> TASK BRIEF: Exact reproduction of all the data is required, with pictures excluded.

> DATA EXTRACT:
BEGIN

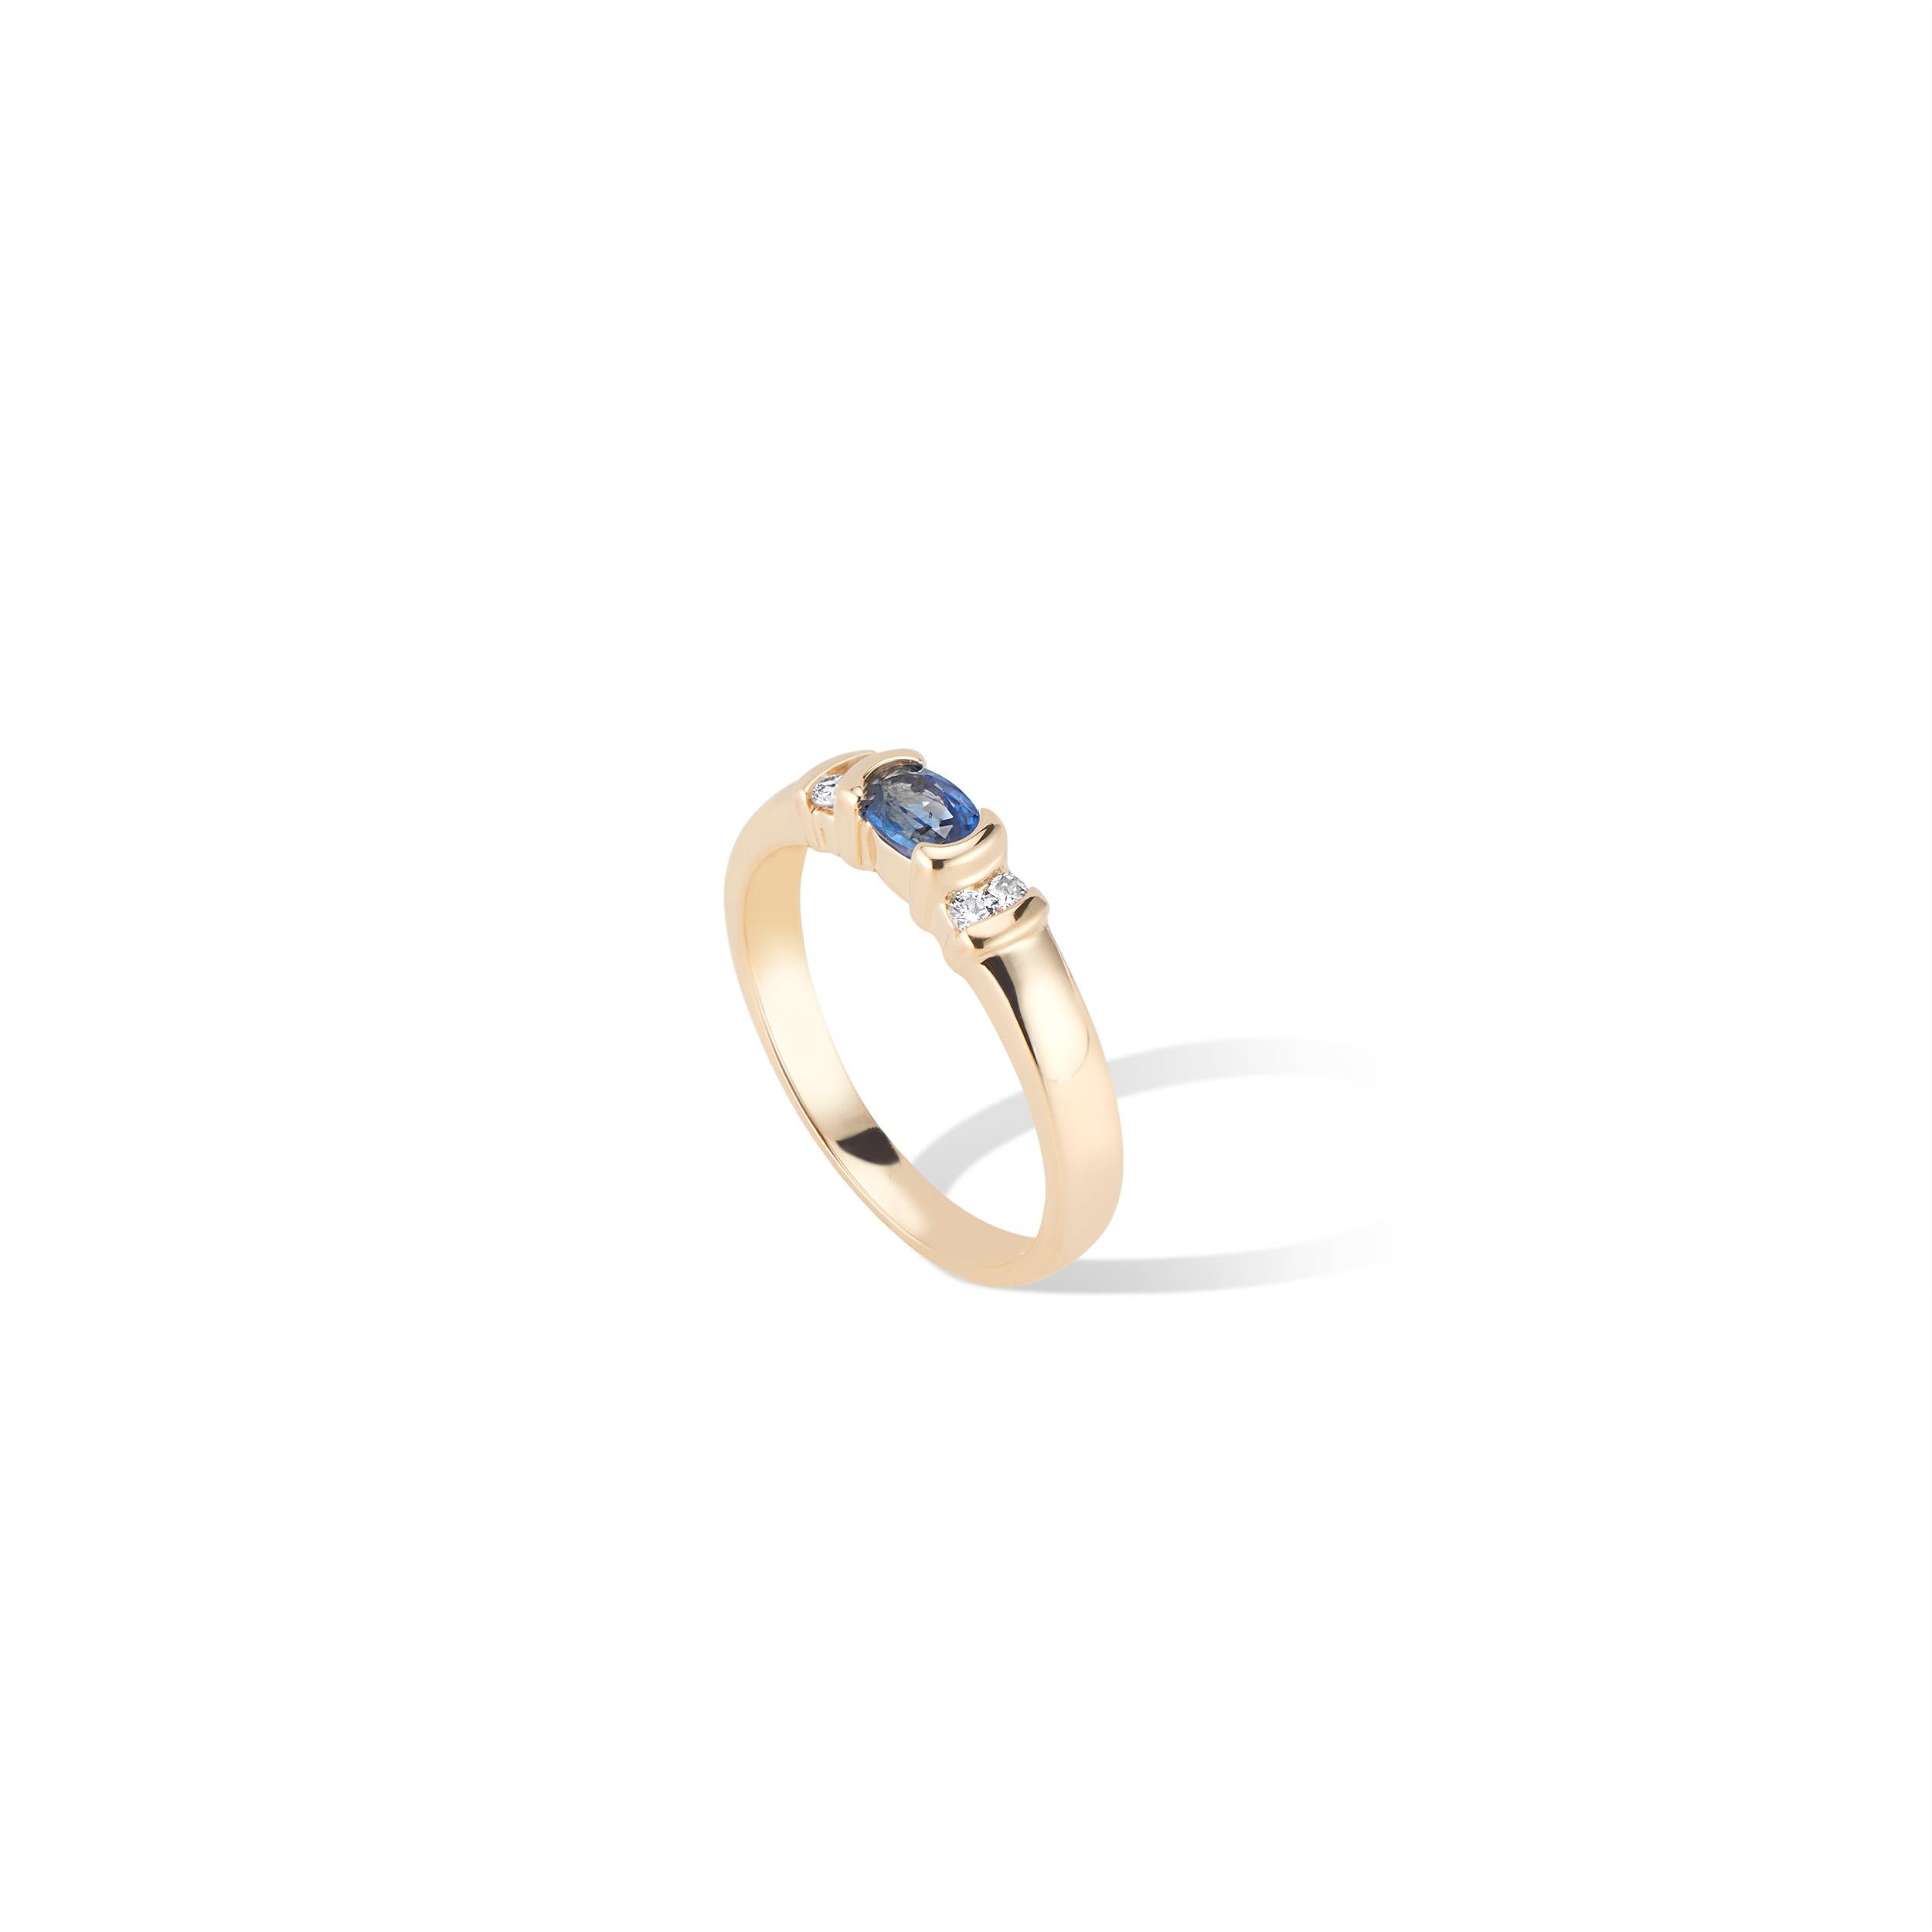 A darling vintage find from the 1980’s  - this perfect oval Sapphire Diamond Ring.
.35pt Sapphire set East to West in a bezel setting with 2 sparkling diamonds on each side.
The band has beautiful full curve 3.2mm at shoulder graduating down to a

END

> EXPECTED ANSWER:
 A darling vintage find from the 1980’s  - this perfect oval Sapphire Diamond Ring.
.35pt Sapphire set East to West in a bezel setting with 2 sparkling diamonds on each side.
The band has beautiful full curve 3.2mm at shoulder graduating down to a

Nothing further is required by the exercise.